Finding the Cycle Start: Let's say the distance from the head to the cycle start is x, and the cycle length is c. When the tortoise and hare meet, the hare has traveled twice the distance of the tortoise. Let k be an integer representing the number of times the hare has completed a cycle. Then:
x + k * c + y = 2(x + y) where y is the distance from the cycle start to the meeting point.
Simplifying, we get: x = (k-1)*c + y. This means that if we start the tortoise at the head and the hare at the meeting point and move them one step at a time, they will meet at the start of the cycle after x steps.
Code
#include <iostream>
struct ListNode {
int val;
ListNode *next;
ListNode(int x) : val(x), next(nullptr) {}
};
ListNode *detectCycle(ListNode *head) {
if (head == nullptr || head->next == nullptr) return nullptr;
ListNode *slow = head;
ListNode *fast = head;
// Detect cycle
while (fast != nullptr && fast->next != nullptr) {
slow = slow->next;
fast = fast->next->next;
if (slow == fast) break;
}
// No cycle
if (fast == nullptr || fast->next == nullptr) return nullptr;
// Find cycle start
slow = head;
while (slow != fast) {
slow = slow->next;
fast = fast->next;
}
return slow;
}
int main() {
// Example usage (you can modify this to test different inputs)

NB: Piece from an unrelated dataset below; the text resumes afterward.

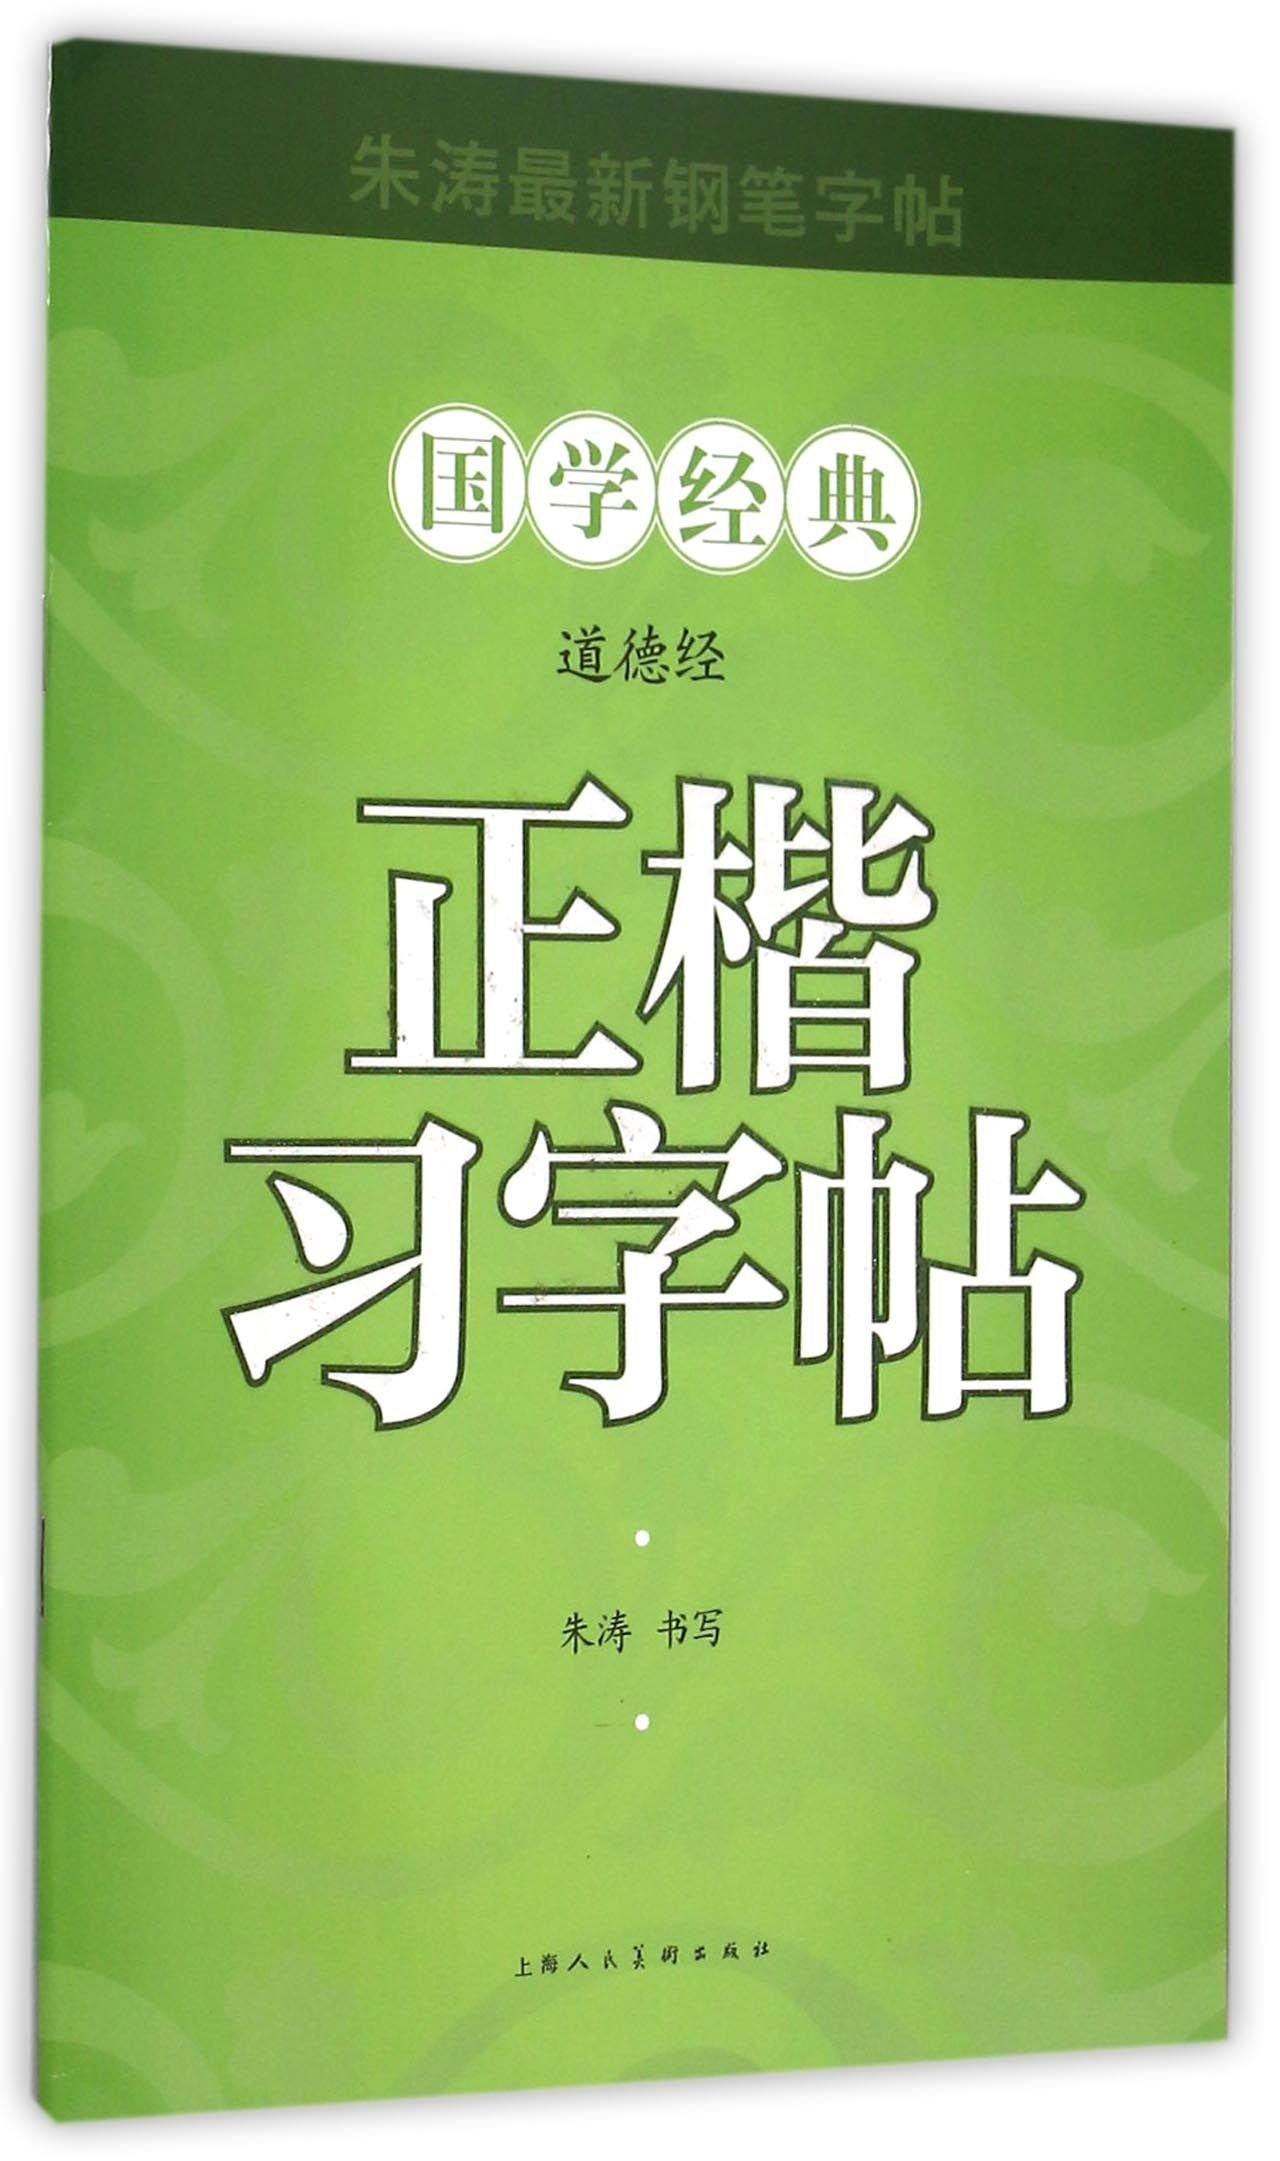 Download Regular Script Copybook: Tao Te Ching (Chinese Edition) PDF ePub ebook

ListNode *head = new ListNode(3);
head->next = new ListNode(2);
head->next->next = new ListNode(0);
head->next->next->next = new ListNode(-4);
head->next->next->next->next = head->next; // Create cycle
ListNode *cycleStart = detectCycle(head);
if (cycleStart != nullptr) {
std::cout << "Cycle starts at node with value: " << cycleStart->val << std::endl;
} else {
std::cout << "No cycle detected." << std::endl;
}
//Clean up memory (important to avoid memory leaks)
ListNode* current = head;
ListNode* next;
while(current != nullptr){
next = current->next;
delete current;
current = next;
}
return 0;
}
Complexity
- Time Complexity: O(N), where N is the number of nodes in the linked list. We traverse the list at most twice.
- Space Complexity: O(1). The algorithm uses only a constant amount of extra space.